Failure to synchronize properly may result in equipment damage and / or failure, or the
creation of circumstances which could result in the automatic removal of generating
capacity from the power system.
In those cases where out-of-phase breaker closures are not so serious as to cause immediate
equipment failure or system disruption, cumulative damage may result to the on-coming generator.

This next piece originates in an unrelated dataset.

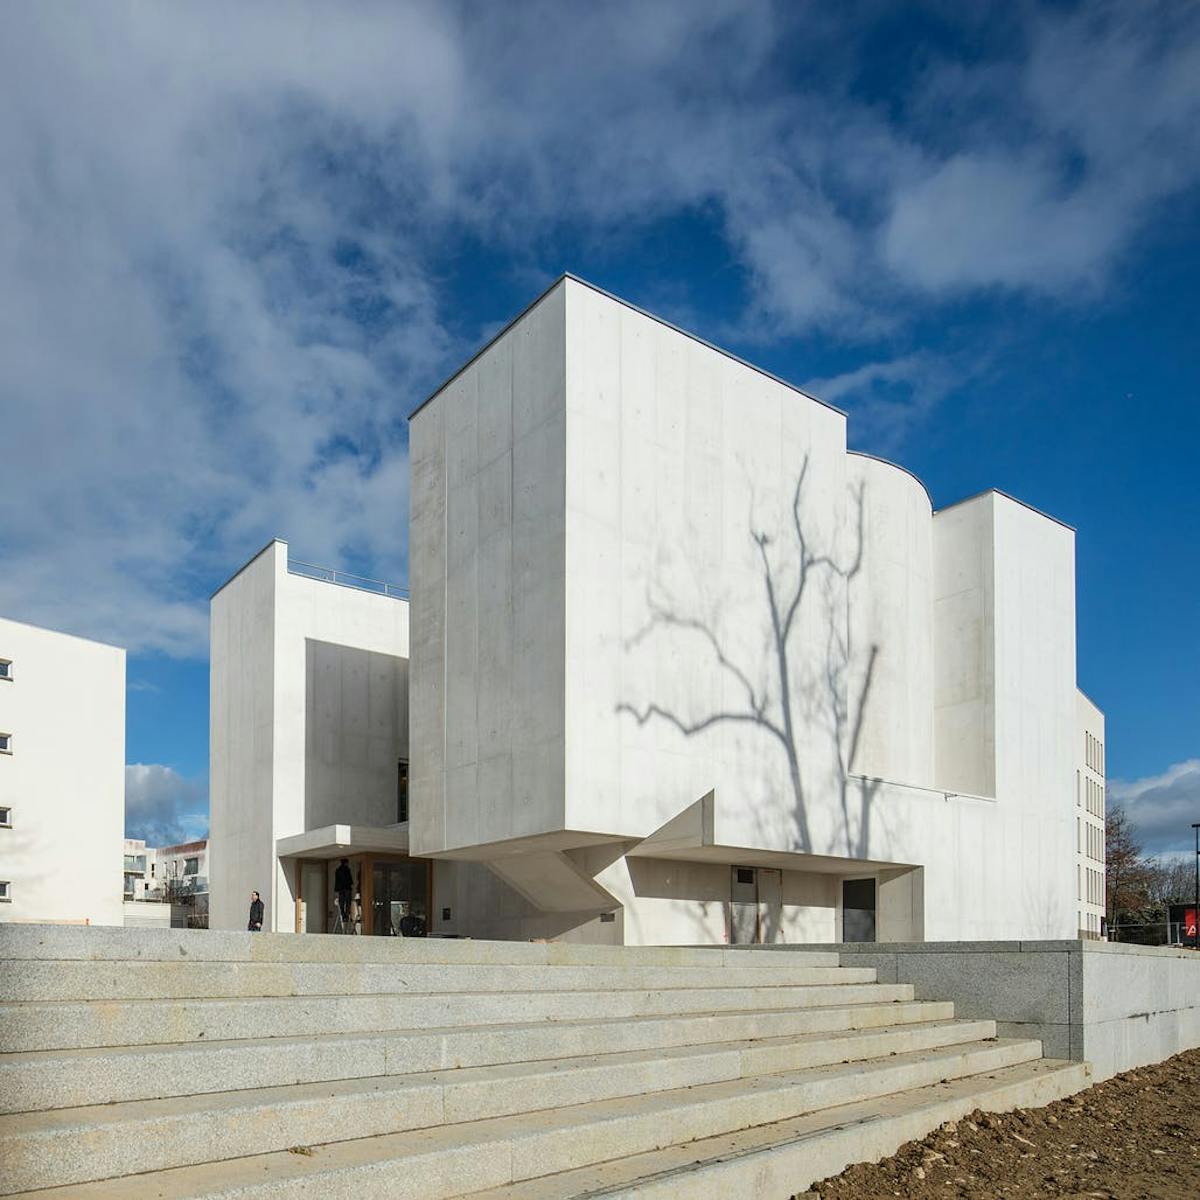 Portuguese architect Álvaro Siza Vieira realizes white concrete church

Repeated occurrence of out-of-phase breaker closure can eventually result in generator failure because
of the stresses created at the time of closure. On load packages with a reduction gear in the gas turbine-
generator train, gear damage may result separately or in conjunction with the generator damage from out-
of-phase breaker closure. Damage may be to the gear teeth or to the quill shaft (if there is a quill shaft).
Out-of-phase breaker closure of a magnitude sufficient to cause either immediate or cumulative
equipment damage mentioned above will usually result in annunciator drops to notify the operator of the
problem. The following annunciator drops have been displayed at various occurrences of known
generator breaker malclosures:
1. High vibration trip
2. Loss of excitation
3. Various AC under voltage drops
Out-of-phase breaker closure will result in abnormal generator noise and vibration at the time of closure.
If there is reason to suspect such breakers malclosure, the equipment should be immediately inspected to
determine the cause of the malclosure and for any damage to the generator and / or reduction gear.